Considere, leitor, as duas frases seguintes:
A – «O governo aprovou uma alteração ao código do IRS introduzindo uma descida das taxas até ao 8º escalão, que vai perfazer uma diminuição global de cerca de 1500M de euros nos impostos do trabalho dos portugueses [face ao ano passado].»
B – «O governo aprovou uma alteração ao código do IRS que alarga até ao 8º escalão a redução das taxas já prevista no OE2024, propiciando um alívio adicional que estimamos em cerca de 200M de euros nos impostos do trabalho dos portugueses.»
A frase A, excetuando o italicizado, foi proferida pelo primeiro-ministro (PM) no dia 11 na Assembleia da República (AR). O parêntesis é o acrescento constante na nota da Presidência do Conselho de Ministros (PCM) do dia 13. A frase B é da minha autoria. A frase B é, indiscutivelmente, mais clara. Contudo, com o acrescento da PCM, as duas frases têm essencialmente o mesmo espírito e informação.
A omissão de ‘face ao ano passado’ por Luís Montenegro constitui um embuste? Existem duas dimensões a considerar: a da campanha eleitoral e a da discussão do programa de governo. Será que Luís Montenegro mentiu ardilosamente aos eleitores durante a campanha e que estes agora se poderão sentir defraudados? A resposta a esta questão é negativa. Os ‘1500 M euros’ não foram um argumento eleitoral nem, salvo erro, foram alguma vez mencionados. Na campanha e no programa eleitoral da AD as propostas de alteração de taxas do IRS têm sempre como referência as taxas de 2023 e diferenciam-se das do OE aprovado sobretudo na abrangência até ao 8.º escalão. Não penso, pois, que os resultados eleitorais tenham sido influenciados por qualquer promessa de uma duplicação dos cortes de impostos face à fatura do ano passado. Também não acho que o PM tenha tentado deliberadamente enganar a AR. Qual seria o objetivo dessa eventual mentira? Dias depois, quando a proposta de alteração do código de IRS fosse apresentada formalmente o pretenso ardil ruiria.

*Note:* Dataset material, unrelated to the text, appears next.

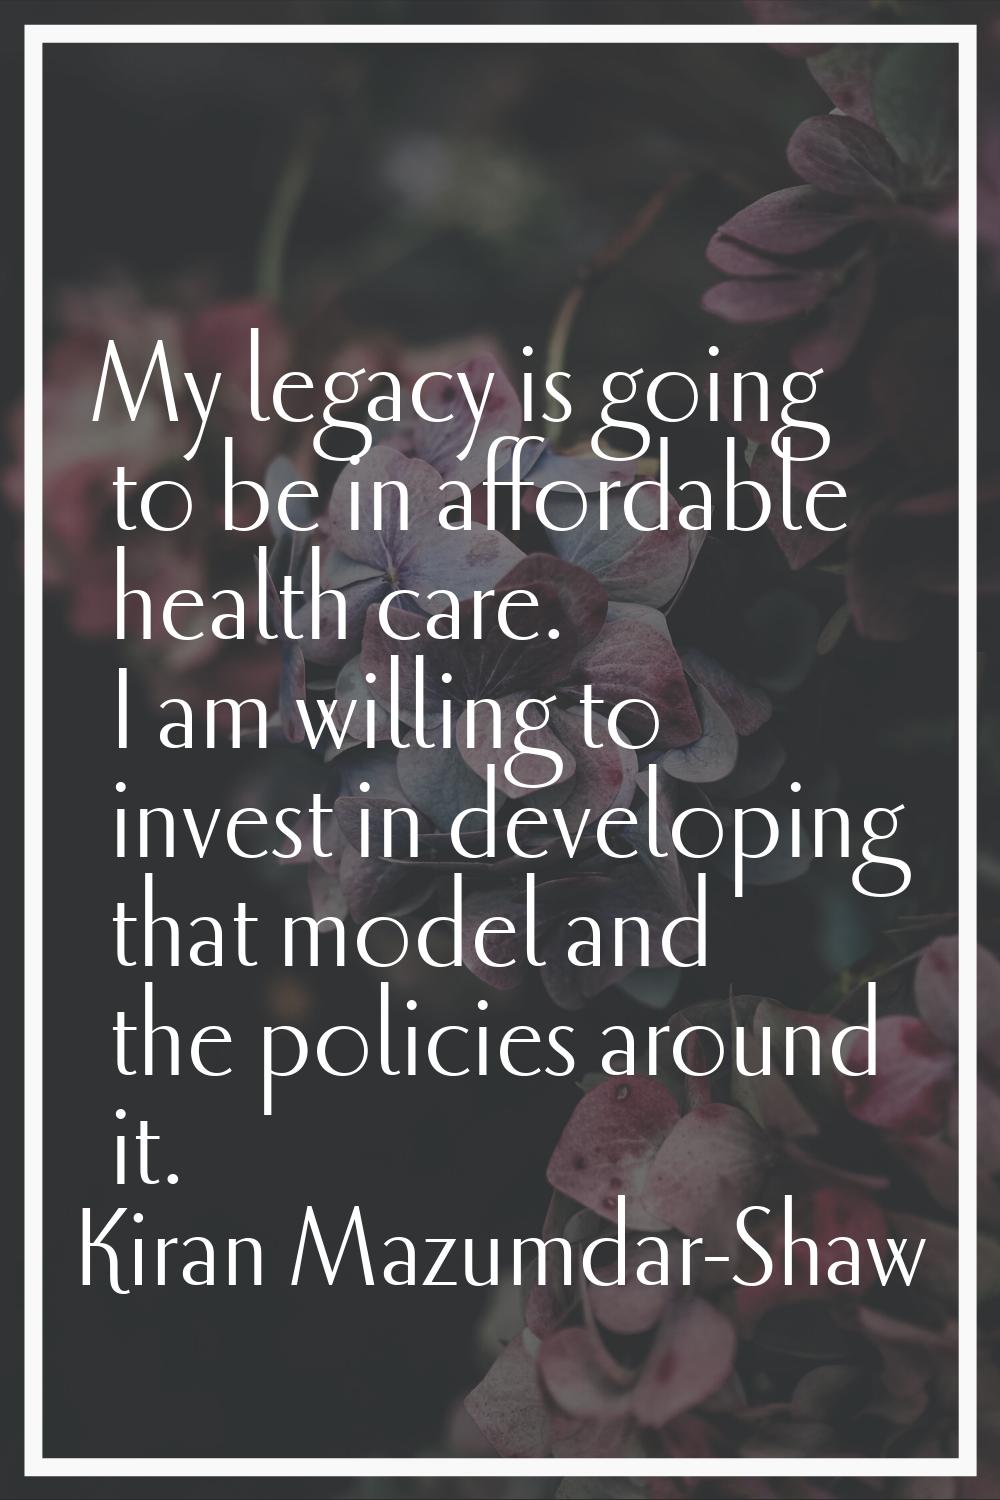 My legacy is going to be in affordable health care. I am willing to invest in developing that model

Não, não se tratou de um embuste. Foi, antes, ligeireza e falta de rigor. Mas no que toca à ligeireza e falta de rigor na comunicação o governo não está sozinho, estando, antes, bem acompanhado pela comunicação social e por todos os outros partidos. (O meu artigo da semana passada sobre as ‘contas certas’ ilustra como sound bites sem suporte lógico e interesse prático acabam infetando todo o debate público.)
Neste incidente não foi só primeiro-ministro que esteve mal. Estiveram também mal o maior partido da oposição e a comunicação social, especialmente aquela que fez manchetes com uma pretensa duplicação da redução do IRS (e que, depois, se justificou com a uma crença ingénua nos maiores da nação). O facto da IL o ter feito, demonstra que a imprecisão de Luís Montenegro era detetável por quem soubesse do que fala. Um trabalho sério de escrutínio teria revelado que algo não batia certo na interpretação precipitada em que os cortes de 1500M somavam aos 1300M do orçamento de Fernando Medina, quanto mais não fosse pela magnitude top total dessa redução (equivalente ao excedente orçamental de 2023).
O país precisa de um governo competente, de uma oposição competente e de uma comunicação social competente. Ninguém o foi. Contudo, o empolamento contínuo deste episódio lamentável, mas, no fundo, inconsequente, a ninguém aproveita, exceto àqueles que lucram com o desprestígio das instituições. Melhor seria se, ao invés, se discutisse com rigor qual a política fiscal mais adequada para promover o trabalho, a poupança e o investimento.